Description
Purpose: The aim of the study was to compare the clinical and functional outcome of patients after surgical treatment (intra-articular osteotomy (IO) vs. endoprosthetic knee replacement (ER)) of malunited tibial plateau fractures with a minimum follow-up (FU) of at least 24 months. We hypothesized that the outcome of IO was similar to the outcome of EG.
Methods: Between 2016 and 2021, all patients who underwent surgery due to malunited tibial plateau fractures in two national trauma centers (IO: n= 31; ER: n= 88) were included in the retrospective study. Patients with IO were matched to patients with ER with regard to initial fracture entity and gender. Clinical and functional results were collected with a follow-up period of at least 24 months.
Results: 20 patients with IO (11 men, 9 women, age: 45.6±11.2 years, FU 38.8±16.6 months) were matched to 20 patients with ER (11 men, 9 women, age: 60, 4±7.4 years, FU 41.4±19.3). At the time of the FU, the study population showed a significant reduction in pain (preoperative VAS 4.9 ± 2.1 vs. postoperative VAS 2.9 ± 1.9, p<0.001), as well as an increase in the Tegner activity score (preoperative 2.4 ± 1 points vs. postoperatively 3.3±1.5 points, p<0.001).
There were no differences between the groups with regard to postoperative pain (IO: 3.1 ± 1.8 vs. ER: 2.6 ± 2, p=0.463) or revision surgery (IO: 35% vs. ER: 55% p=0.204). 15% (n=3) of patients with IO converted to TEP over time.
In the ER group, postoperative limited loss of motion of the knee occurred significantly more often at the time of the FU (extension deficit 70% vs. 35%, p=0.027; flexion deficit
100% vs 50%, p<0.001). The postoperative Tegner activity score was significantly reduced in the ER group (2.7±1.1 vs. 3.9±1.6, p=0.009). The KOOS subscale sports activities was also significantly reduced in the ER group (26.1±21.9 vs. 46.1±26, p= 0.042), whereas the other four KOOS subscales, the clinical Rasmussen score or the Oxford Knee Score showed no significant differences. Linear regression analysis showed that the ER was a negative predictor of a reduced Tegner activity score regardless of patient age in comparison to the IO (OR -1.1, [95% CI, -2.1 to -0.12]; p= 0.028).
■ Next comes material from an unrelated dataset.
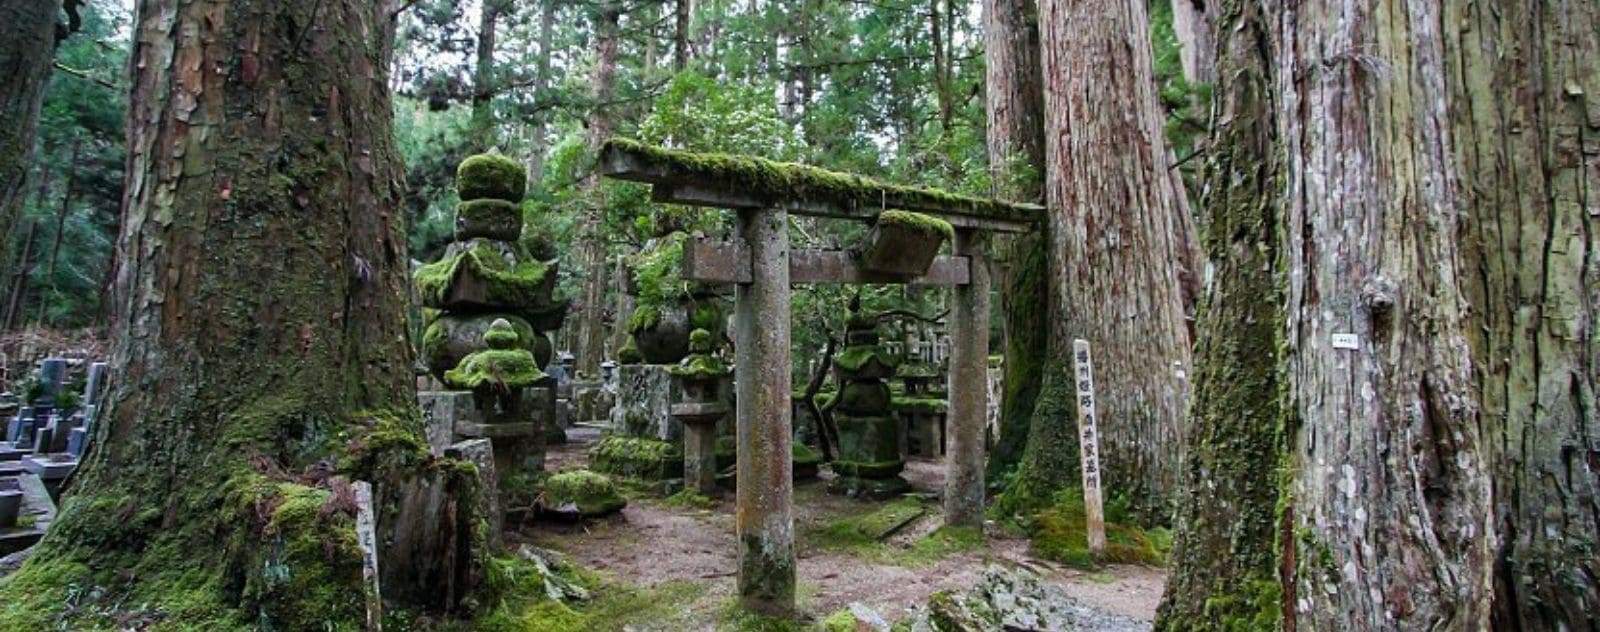 THE TEMPLE OF OKUNOIN
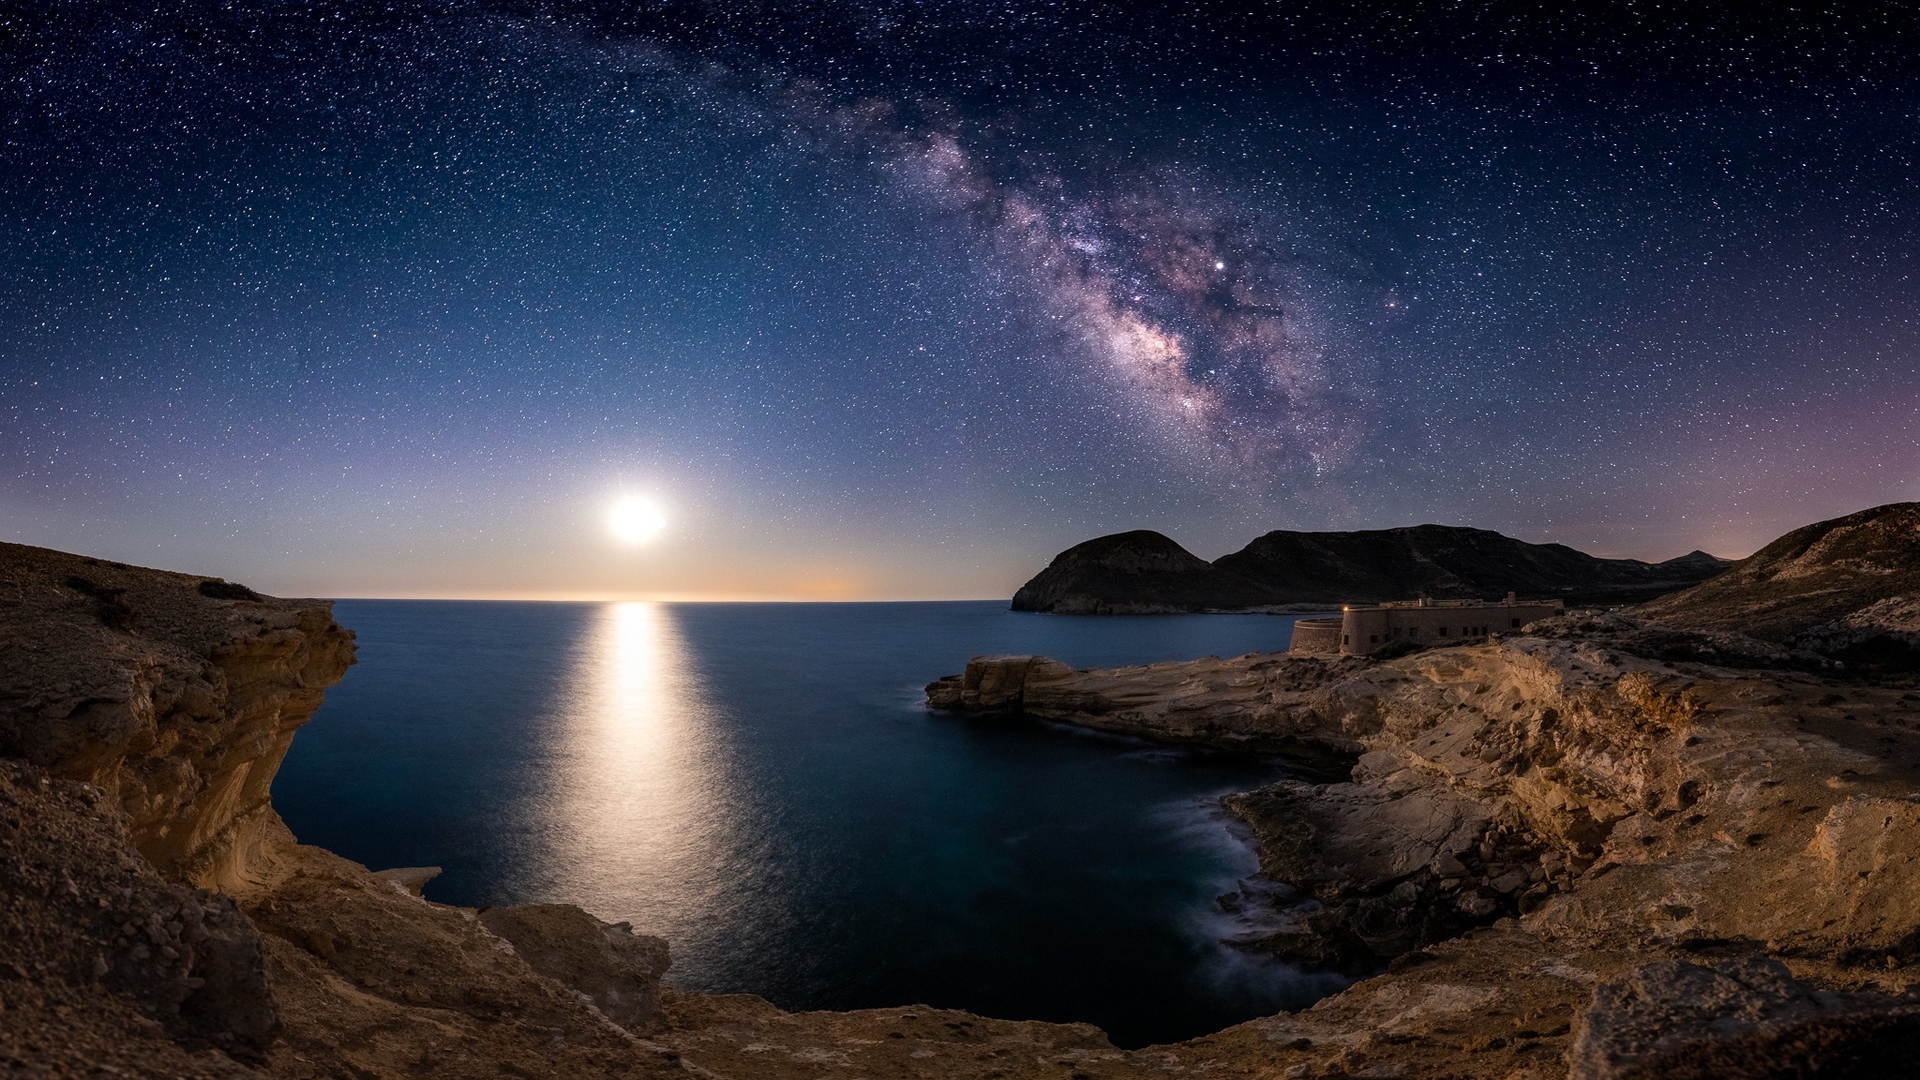 General 1920x1080 sea castle sky Milky Way mountains sunset

Conclusions: Surgical treatment of malunited tibial plateau fractures resulted in a significant improvement in activity level and pain reduction, regardless of whether the treatment was performed by endoprosthesis or intra-articular osteotomy.
In this patient population, patients treated with an endoprosthetic knee replacement showed significantly more often postoperative loss of motion of the knee and lower activity scores, independent of age. Patients with intra-articular osteotomy showed a relatively high risk of failure with 15% TEP conversion.